Make Upset Training Realistic
I’ve done upsets and unusual attitude recovery for decades in just about every type of ground-based simulator made as well as many different aerobatic airplanes. Simulators are great, but they have the shortcoming of not being able to instill the level of startle and “what the devil is happening?” of a sudden change in g load and yaw that occurs in the airplane in flight. Further, most aerobatic airplanes simply do not duplicate the need for massive, continued control deflection that takes a fair amount of physical effort that is required in transport airplanes when things get ugly.

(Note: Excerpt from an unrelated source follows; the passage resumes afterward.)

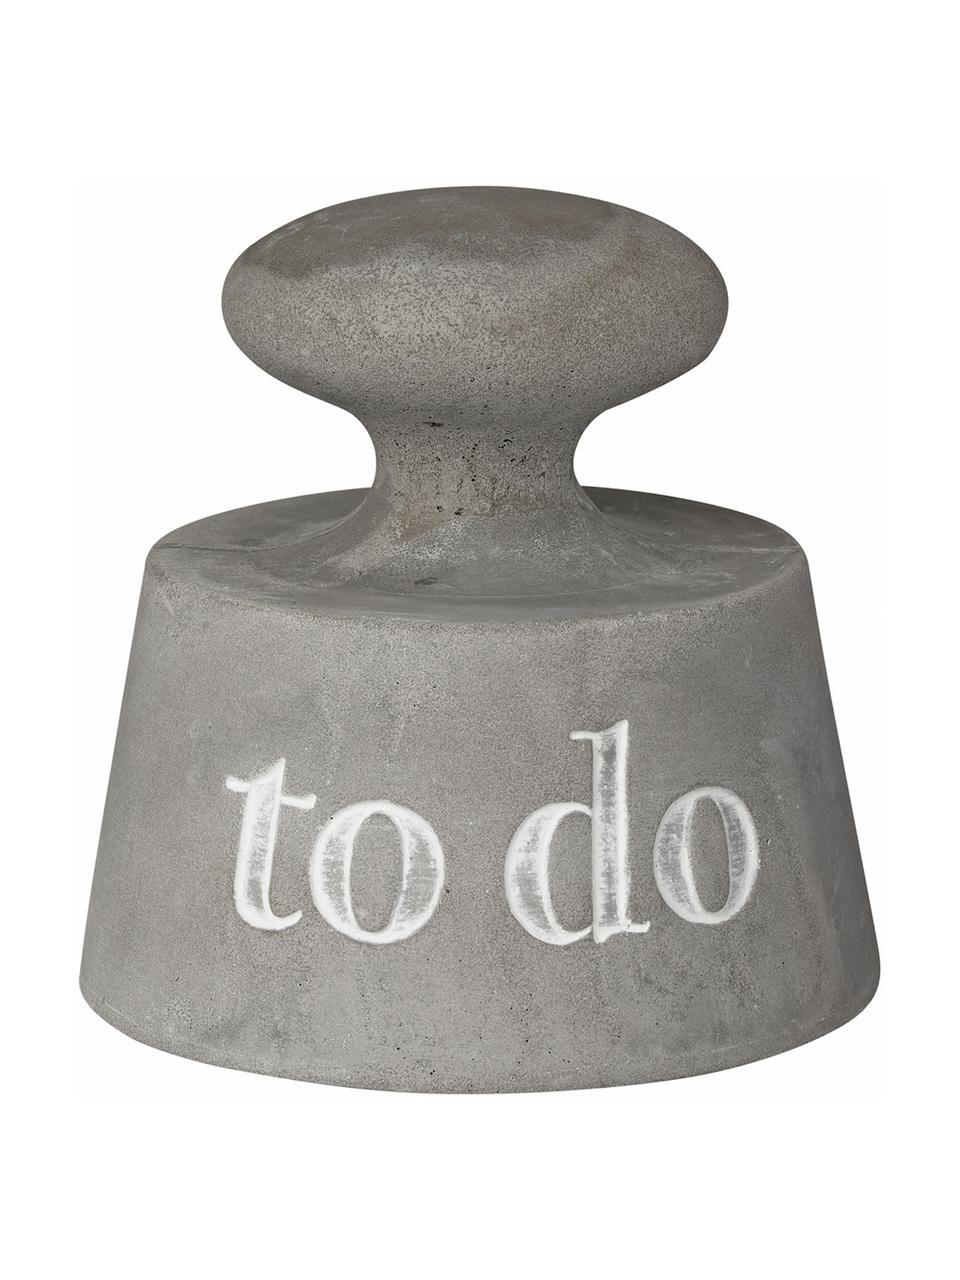 Briefbeschwerer To Do, Beton, Grau, Ø 8 x H 8 cm

In most akro birds it’s a flick of the wrist to restore level flight—although the closest thing I’ve flown to duplicating what’s involved in recovering from an upset in a transport category airplane after Calspan’s Lear is the modest Cessna 150 Aerobat—because it requires very large and prolonged control inputs. After my session in Calspan’s Lear I’m even more convinced that upset recovery training should start in the simulator and then move into something that closely resembles the handling of the airplane the pilot regularly flies.
I’m also excited about the potential for upset recovery guidance presentations such as Barron Associates is developing. Once in the “Ohmigawdwe’regonnadie” moment as an upset violently begins and your head smacks the side of the cockpit, having a display suddenly appear that you know is telling you where to put the yoke, rudders and power levers would, in my opinion, be a major confidence builder that will improve the odds of getting the airplane collected and safely returned to the planet at the location the pilot desires. I hope that this project becomes reality and that it trickles down to the piston general aviation world.
Finally, I came away having once again experienced the sheer pleasure of working with scientists and engineers. In a world suddenly peppered with alternative facts, I was reminded that scientists and engineers cannot afford the luxury of making things up—they take nothing for granted, test everything and then test again to assure that the results they achieve are accurate and can be duplicated. They live in a world of hard, exacting work and small steps toward certainty. Thank you Dr. Nathan Richards, Neha Gandhi, Martin Koschel, Brian Ernisse, Barron Associates and Calspan for the opportunity to be a lab rat for a while. I hope someday I can say that I had a tiny little something to do with a successful upset recovery guidance system that is in widespread use.
Rick Durden is a CFII and holds an ATP with type ratings in the Douglas DC-3 and Cessna Citation. He is the author of The Thinking Pilot’s Flight Manual or, How to Survive Flying Little Airplanes and Have a Ball Doing It, Vols. 1 & 2.